While quarterly delinquency was lower for closed-end home-equity loans, late payments on home-equity lines of credit, mobile-home loans and property improvement loans were all higher.
The level of past-due payments on closed-end HELs was 4.12 percent in the second quarter. The rate reflects loans that were at least 30 days past due.
HEL delinquency tumbled from 4.38 percent three months earlier. There was no difference, however, in the HEL rate from a year earlier.
The American Bankers Association reported the delinquency data Wednesday in its Consumer Credit Delinquency Bulletin.
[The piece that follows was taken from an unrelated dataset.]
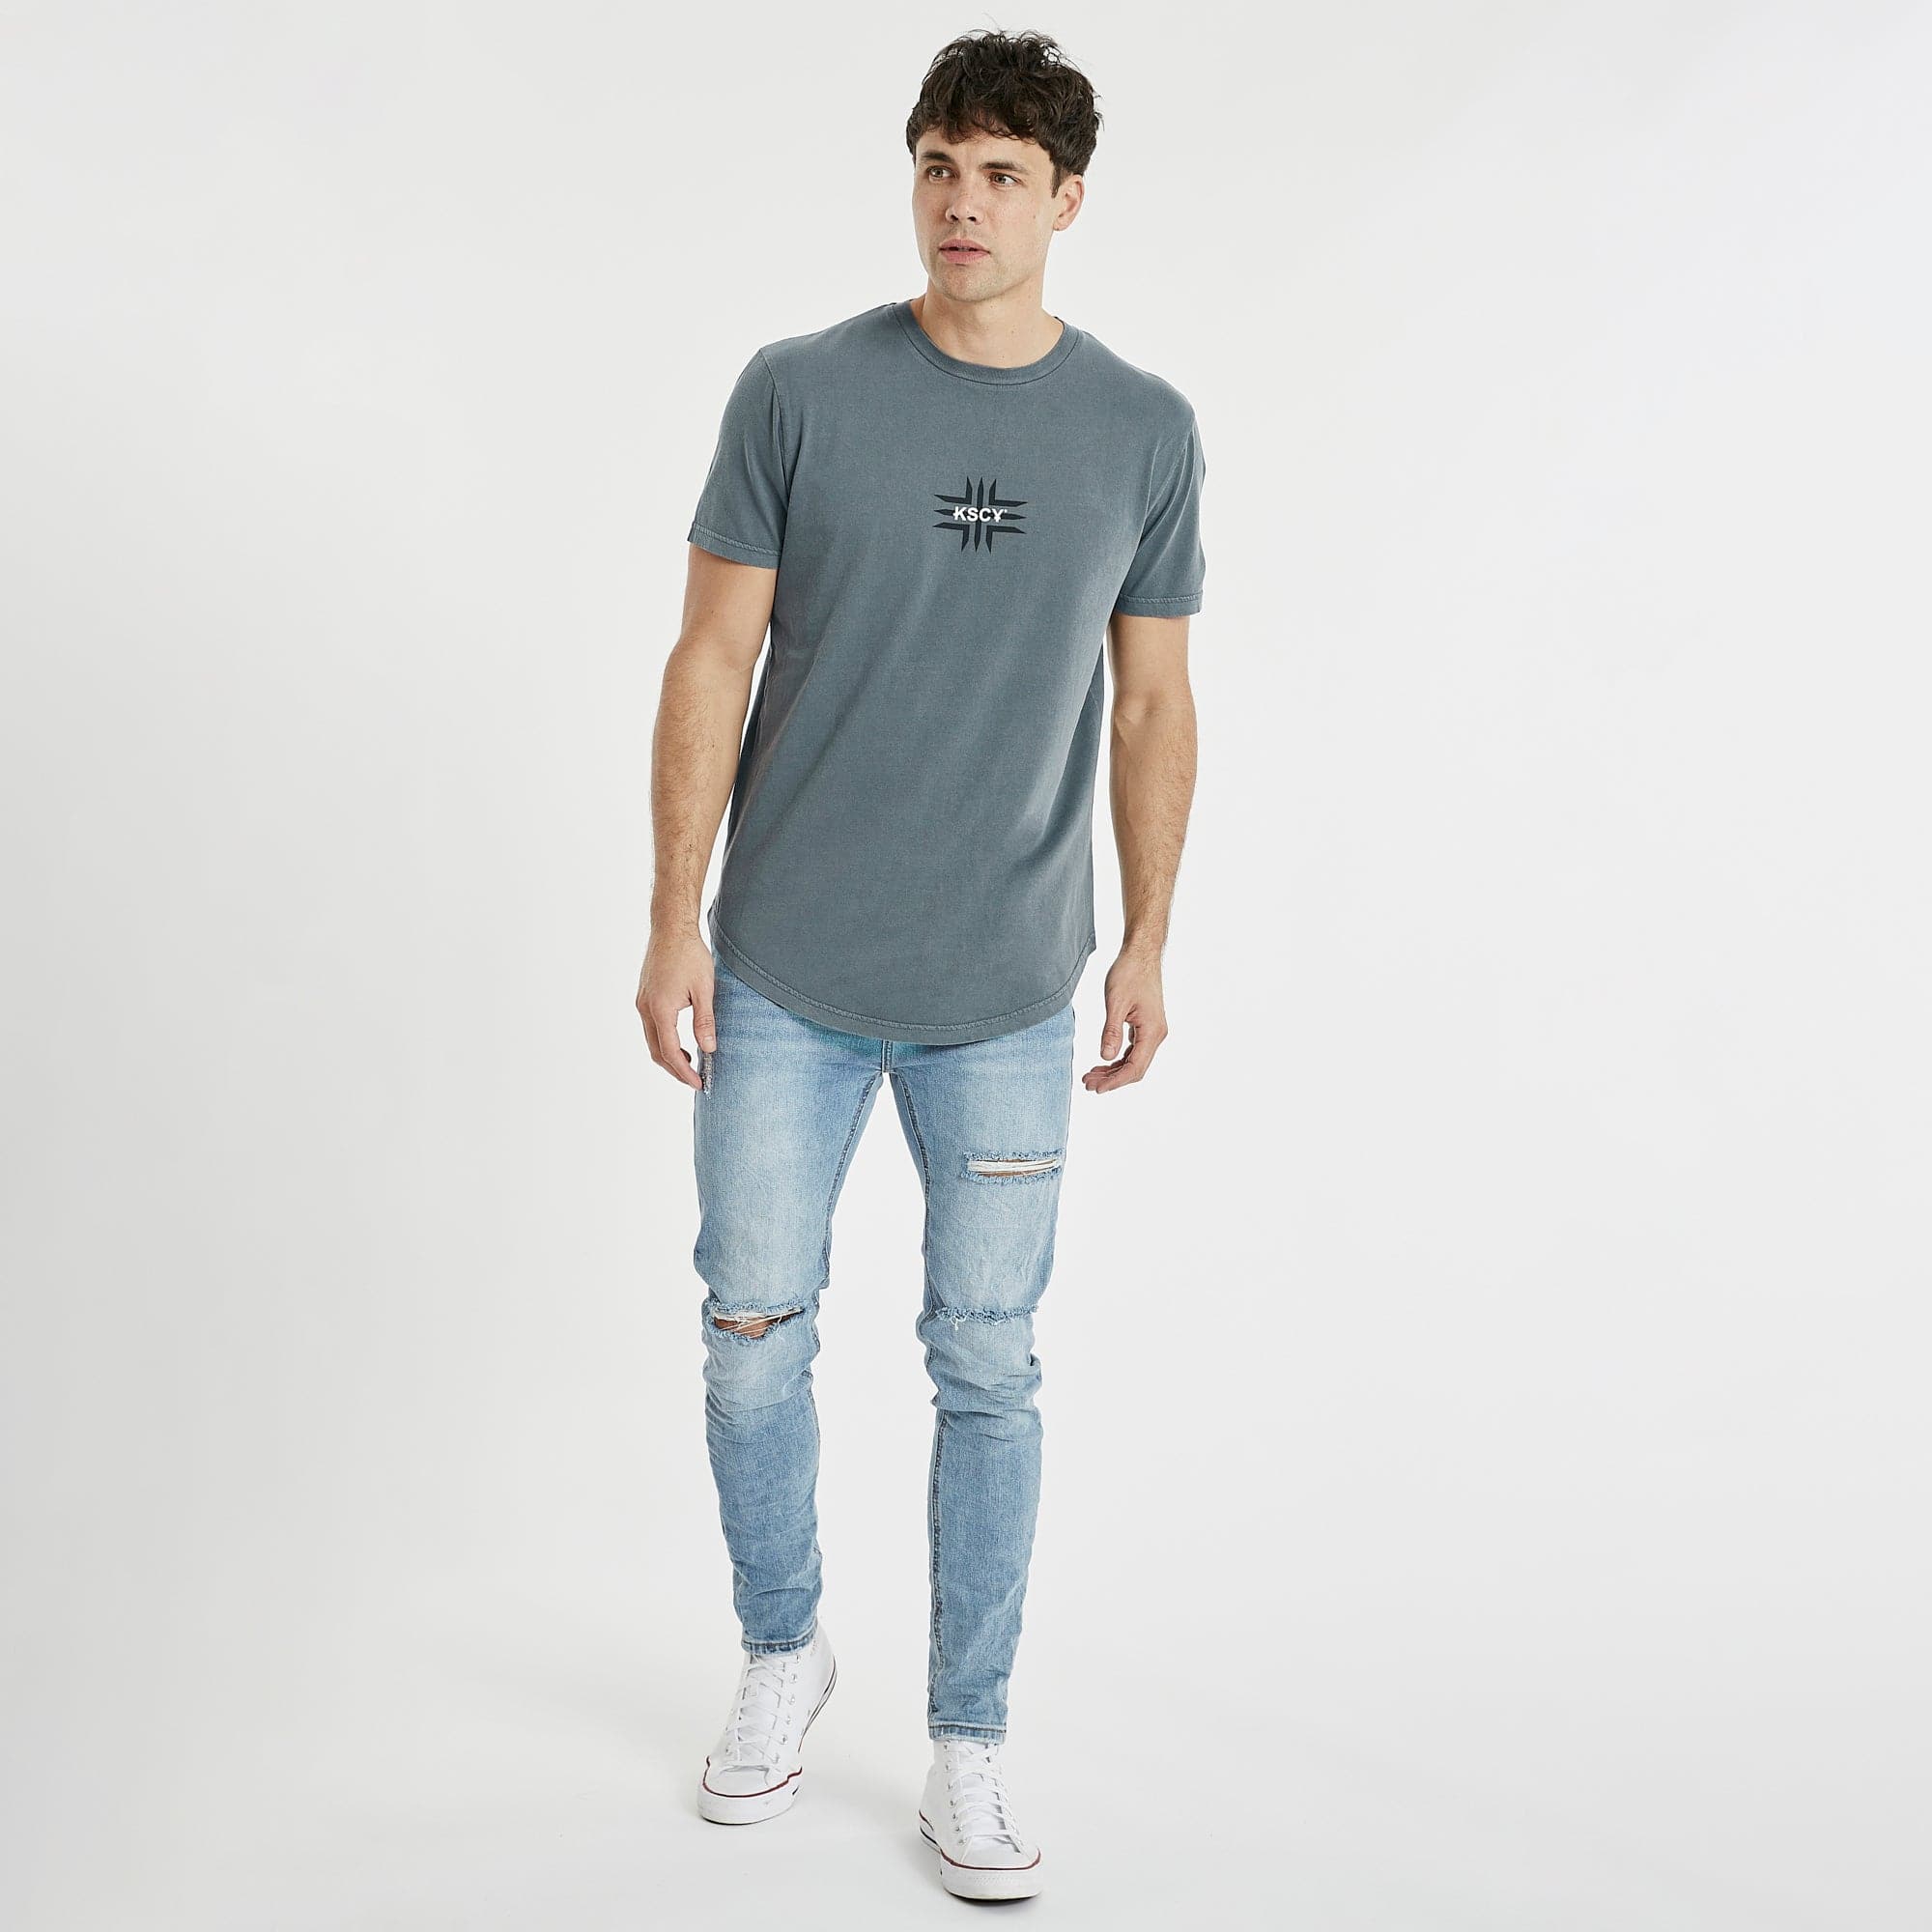 Paseo Dual Curved T-Shirt Pigment Carbon

But HELOCs saw an increase, to 1.91 percent from the first quarter’s 1.80 percent and from 1.81 percent during the same period last year.
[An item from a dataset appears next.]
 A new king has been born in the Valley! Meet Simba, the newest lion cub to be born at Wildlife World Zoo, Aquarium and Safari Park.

ABA reported that mobile-home delinquency climbed to 3.74 percent from 3.62 percent in the previous quarter. During the second-quarter 2010, the rate was 3.65 percent.
On property improvement loans, the rate rose to 1.07 percent from 1.02 percent in the first quarter. But this category has shown improved performance from a year prior, when the rate was 1.40 percent.
“There will be continued challenges for housing, which has been a persistent drag on economic growth,” ABA Chief Economist James Chessen said in the report. “Real estate prices continue to fall, and home loans face increased pressure as unemployment continues to take its toll on borrowers.”
Out of a total of 11 categories tracked by the trade group, delinquency was higher in nine of them. ABA attributed to deterioration to “weak job creation and a slowing economy.” Also blamed were high gas prices, though this metric has shown improvement since June.
The composite ratio, which reflects delinquency in eight closed-end categories, was up 17 basis points from the first quarter to 2.88 percent. But a 12-basis-point decline was observed by the association from the same point last year.
Chessen predicts no near-term changes in delinquency.